Why does having this larger dataset matter? How can we use it to implicitly guide an optimization process? Let’s imagine a new scenario where the datapoints are portraits where some are clearly better than others. After grouping, we have:
Portrait 1 and Portrait 2 are similar (matched pair), but 2 has much better lighting (better y-value).
By studying these pairs, we can teach the model that when it sees lighting like Portrait 1’s, it should adjust the lighting to look more like Portrait 2.
In this way, the improvement direction is implicitly captured in the fact that Portrait 2 is similar (but better than) Portrait 1.
There’s no need for an external discriminator (e.g., an art critic) to tell you if the change you made is good.
Once the new matched dataset has been built, the authors train a deep learning model to be able to make improvement suggestions given a point in input space.
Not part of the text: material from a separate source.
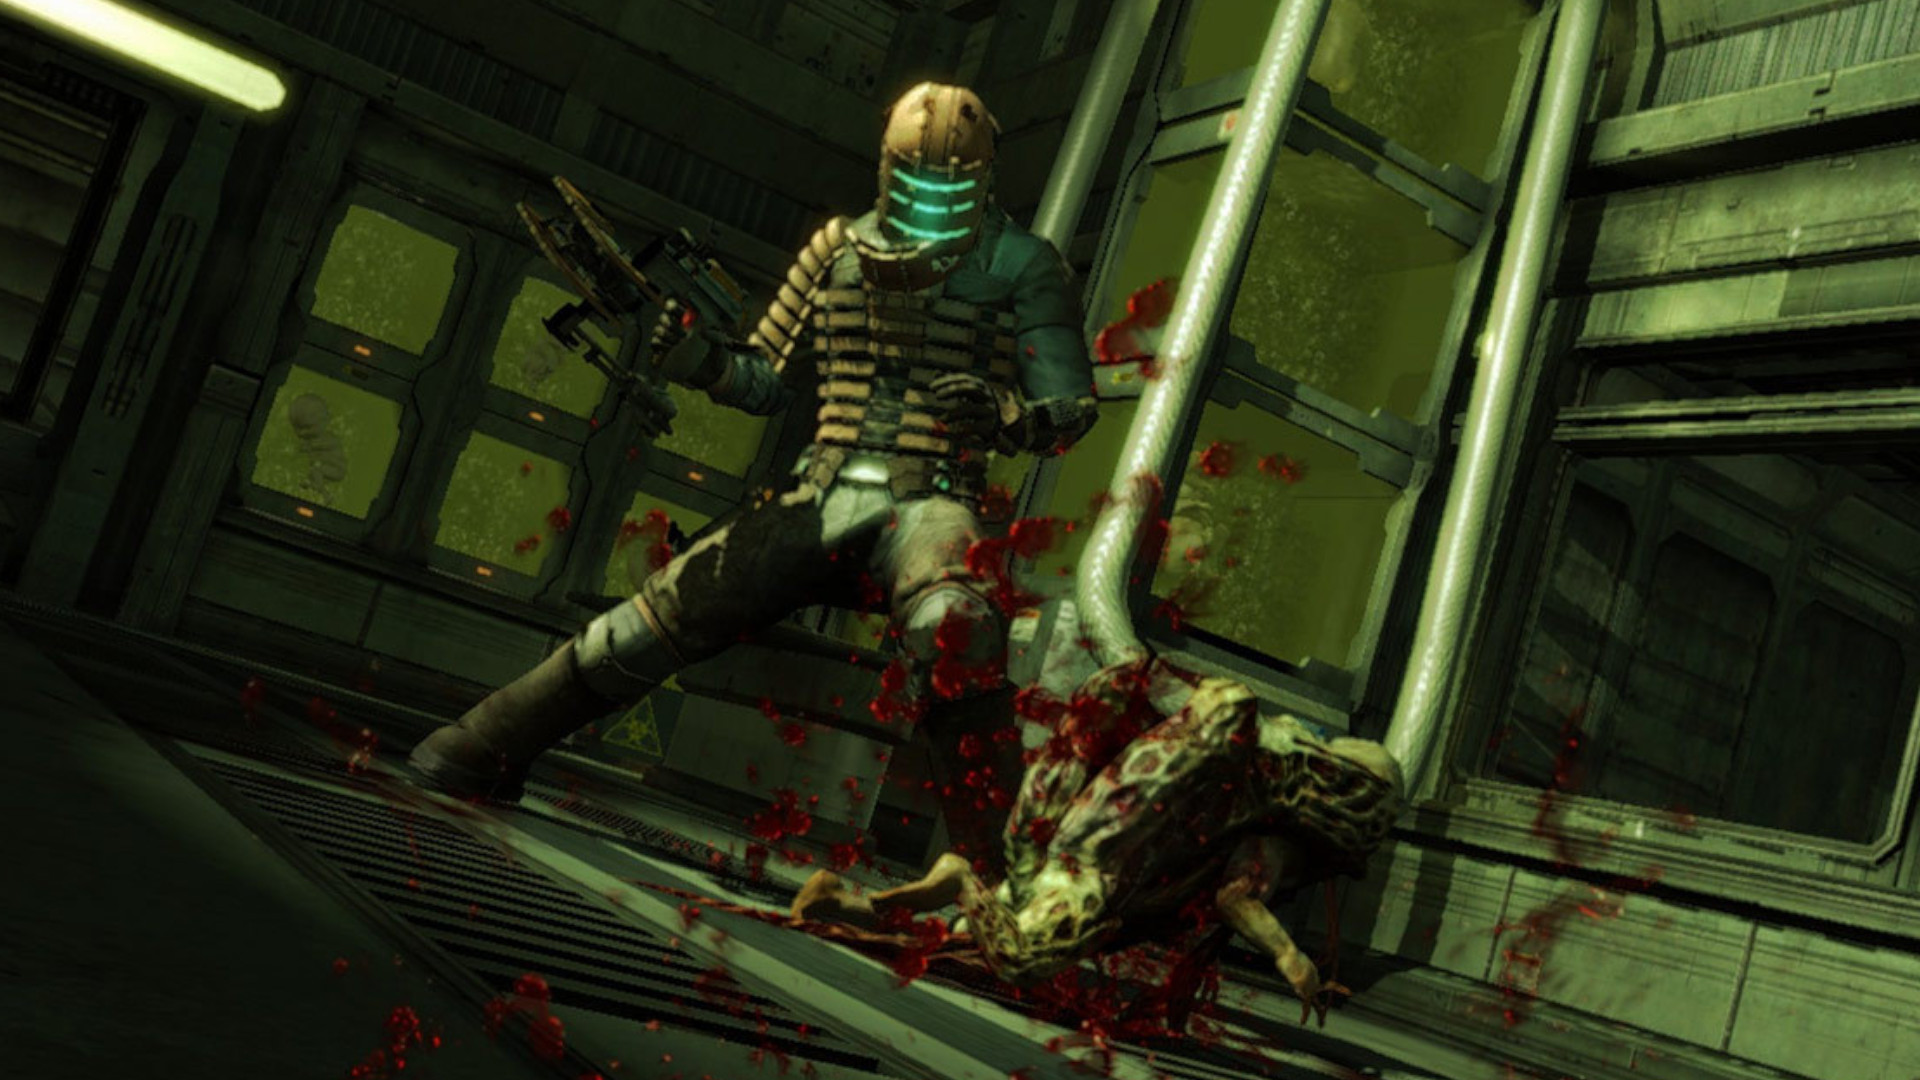 EA өзінің E3 емес баспасөз конференциясының мәліметтерін растайды, өйткені Dead Space туралы қауесеттер ұзаққа созылады

They find that this approach learns a rough approximation of the property gradient.
Normally, one would need to train an explicit discriminative model capable of predicting the property value (y) given an input (x). The gradient of this function is a vector (direction) that shows how to alter x to improve y the fastest. Using matched pairs, implicit guidance can improve properties without the need to calculate the gradient.
Let’s revisit our compass example from earlier, but this time in three dimensions. This time, there’s a hill you’re trying to summit. You’ve been blessed with a magical compass that points towards the top of the hill. Using an explicit approach, you’d follow your magical compass (gradient) up to the peak.
The implicit approach is different. You’re less resourced and don’t have a magic compass. Instead, you’re given a collection of photos from previous, successful climbers. Using pairs of photos, you think to yourself, “From this spot, they moved to that spot and gained elevation.” You can repeat this process using chains of photo-pairs until you reach the summit—this is implicit guidance.
I really like PropEn because it’s so relevant to the issue of data paucity in the life sciences. Moreover, the few-shot methodology is very practical—one where you can use wet lab-generated data to quickly converge on an optimal design. My understanding is that PropEn works with both continuous and discrete data, making it compatible with both structure and sequence generative models. I’m eager to see this method continue to improve, including becoming viable in a multi-objective optimization setting.
Thanks for reading some of our thoughts on the presentations at MoML. We hope to meet you next year! Anyone working in this space is encouraged to reach out to me as we’d love to chat.
All of us are currently at NeurIPS taking notes—so expect more from us soon!
Great summary! Apart from James and Mark's caveats about experimental structures being biased toward low-energy conformations, there's also the basic fact that every "experimental" structure is also a model and that even the PDB contains models with error - ill-defined or missing densities, extra (or unnecessary) water molecules, ligands with strain, etc. Also, out of the 200K PDB structures, only about 2oK have co-crystallized ligands. That's not a very small number, but I think it's a major reason why AF, while trained on the PDB and otherwise working well, works less well on predicting small molecule interactions which are still the bottleneck for structure-based design.